Bagian Dua: Menuju Masa Lalu

Start from the beginning
                                    

Faust melangkahkan kakinya masuk dan pintu lemari tertutup secara otomatis. Jari makhluk itu menekan sebuah tombol berwarna kuning yang terdapat disisi kanan lift sebelum menurunkan Atha dari gendongannya.

"Kenapa bisa?"tanya Atha yang kini berdiri disamping makhluk itu.

Faust meliriknya melalui ekor mata."Karena bisa."jawabnya.

Atha mendenguskan nafas kesal, tangannya menarik lengan kaos Faust ketika lift tiba-tiba bergerak dengan cukup cepat. Faust menolehkan kepalanya untuk menatap Atha, kedua alisnya bertaut bingung.

"Kita kemana?"Atha bertanya seraya menatap Faust.

"Ke masa lalu, kamu bilang kamu ingin ketemu Nara lagi kan?"

Atha menganggukan kepalanya pelan lalu menunduk. Kedua matanya mendelik saat dia menyadari kalau dirinya masih memakai piyamanya dan tidak memakai sepatu apa pun sehingga kakinya langsung bersentuhan dengan lantai lift yang dingin. "Gue harus ganti baju dulu, bisa nggak kita balik ke kamar ?"tanya Atha lagi.

Faust kali ini menatapnya dari atas hingga bawah berulang kali, jari telunjuknya mengetuk-ngetuk dagunya. Dia sedang memikirkan pakaian yang cocok dikenakan oleh Atha.

Mulut Faust lalu mengucapkan sebuah mantra dan lagi-lagi dalam satu kedipan mata, Atha dibuat menganga kecil ketika mendapati piyamanya sudah diganti dengan kaos putih yang tertutupi oleh kemeja kotak-kotak berwarna merah, sepatu snickers berwarna hitam, dan jeans belel.

"Selera yang bagus, Faust."ucap Atha.

Dentingan lift yang tiba-tiba berhenti membuat keduanya menoleh kearah pintunya. Atha mengedipkan matanya dan kemudian melirik Faust. Makhluk itu sepertinya kurang asupan ekspresi karena sedaritadi dia hanya memasang wajah datar.

"Tunggu apa lagi?ayo keluar.

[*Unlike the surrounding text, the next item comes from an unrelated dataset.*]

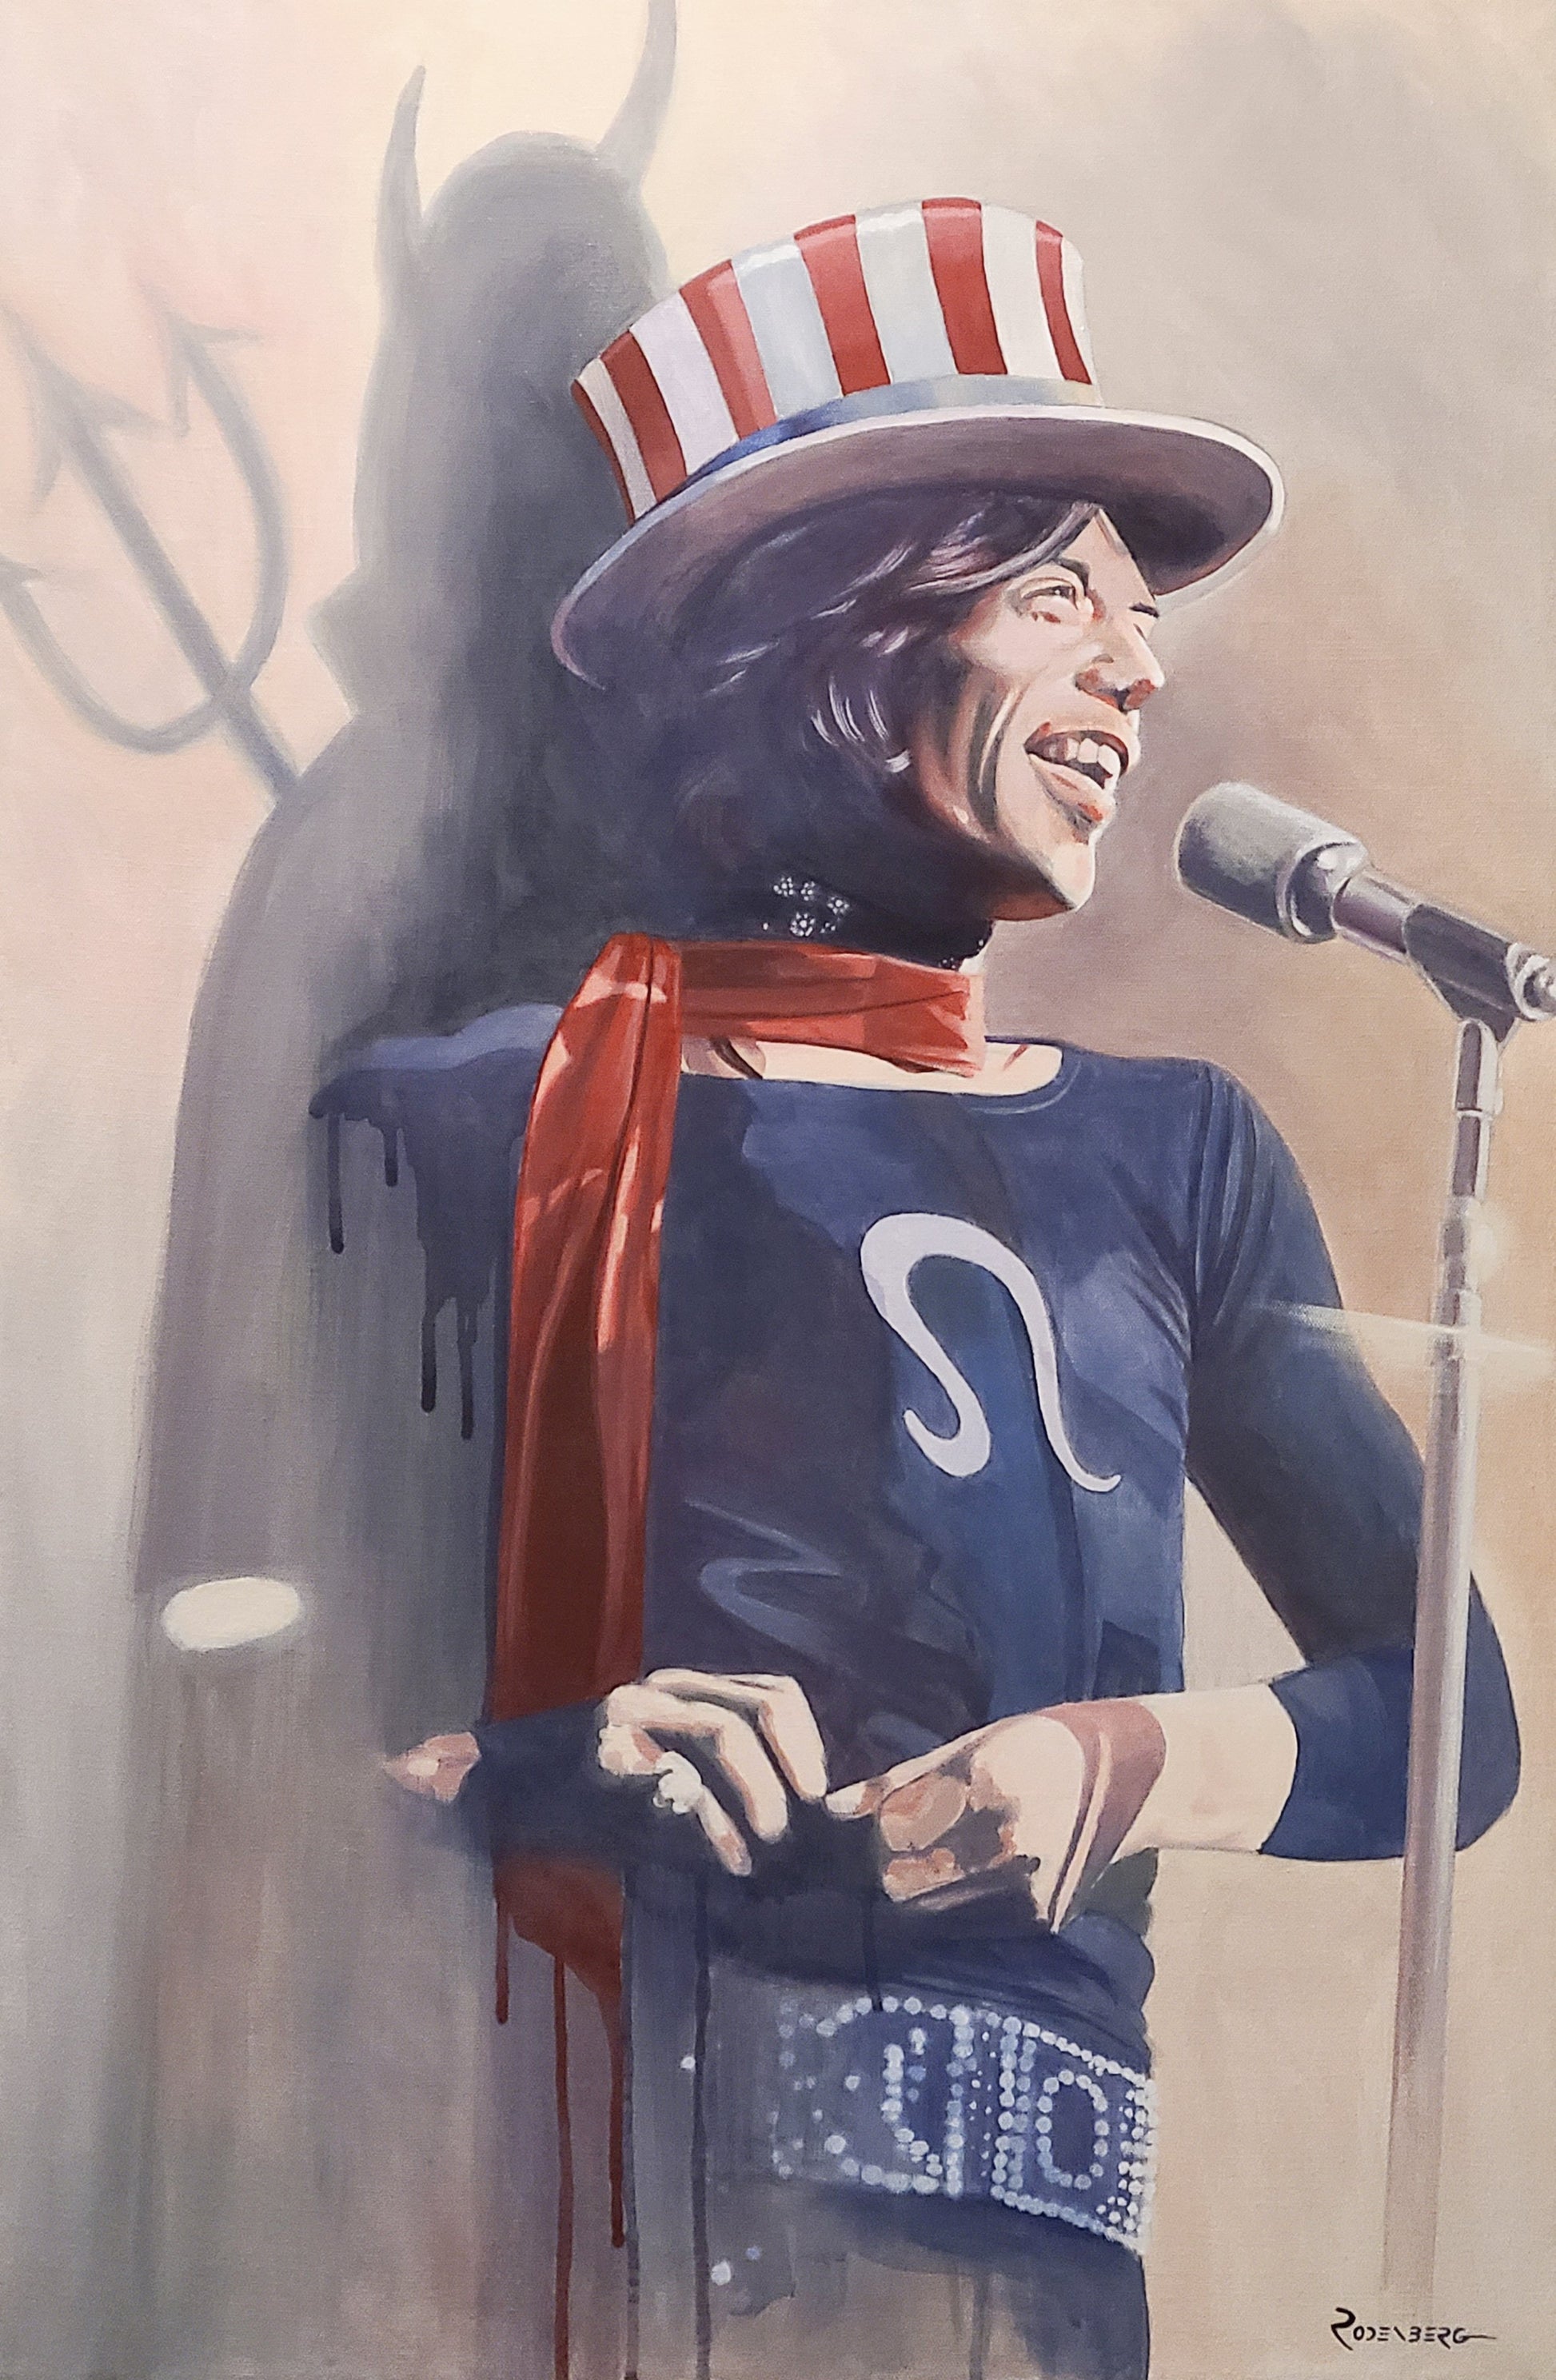 Mick Jagger portrait painting art by Jeff Rodenberg

Dibalik pintu lift sana, ada kehidupan masa lalu yang Nara jalani."Faust mengatakannya sambil memegang kedua pundak Atha dan mendorongnya pelan kearah pintu lift. Atha meneguk ludahnya, kedua matanya bergantian menatap Faust dan pintu lift. Beberapa saat setelahnya Atha melangkah maju namun tiba-tiba saja sebuah tangan menahan pergelangan tangannya.

"Kenapa Faust?"

"Cuman ingin memperingatkan kamu―jangan mengubah apa pun yang bisa mengubah masa sekarang yang kamu jalanin."jawab Faust. Kali ini ekspresinya terlihat serius.

Sesaat kemudian pintu lift terbuka secara otomatis, Atha mengangkat sebelah alisnya saat menyadari pandangan didepannya hanyalah kabut putih. Belum sempat membuka mulut untuk bertanya lagi kepada Faust, makhluk itu mendorongnya lagi hingga Atha keluar dari lift. Dan kali ini, tubuh Atha langsung melayang jatuh kebawah.

》》》

Tenggorokan Atha tercekat, teriakannya tertahan di lidah. Atha menyadari tubuhnya kini terjatuh kebawah, menembus kabut yang ternyata adalah awan. Tangannya terlentang lebar kesamping seiring pemandangan dibawahnya lama-lama membesar. Gedung-gedung pencakar langit dan kehidupan lainnya dibawah sana.

Atha menutup kedua mata dan meneriakkan nama Faust berulang kali dalam hati. Atha phobia ketinggian, jantungnya terasa seperti akan melompat dari tempatnya.

"Faust!"Atha berteriak panik saat dirinya semakin lama semakin dekat dengan daratan.

Detik selanjutnya, Atha merasakan sebuah tangan meraih pinggangnya. Memeluknya erat. Seketika membuat Atha menolehkan kepala dan menyipitkan mata saat sinar matahari menyilaukan matanya. Faust ada disana, memeluknya dengan sepasang sayap hitamnya yang membentang di udara dan bergerak perlahan. Atha bisa merasakan deru nafas makhluk itu dan mata hitamnya yang terlihat jernih.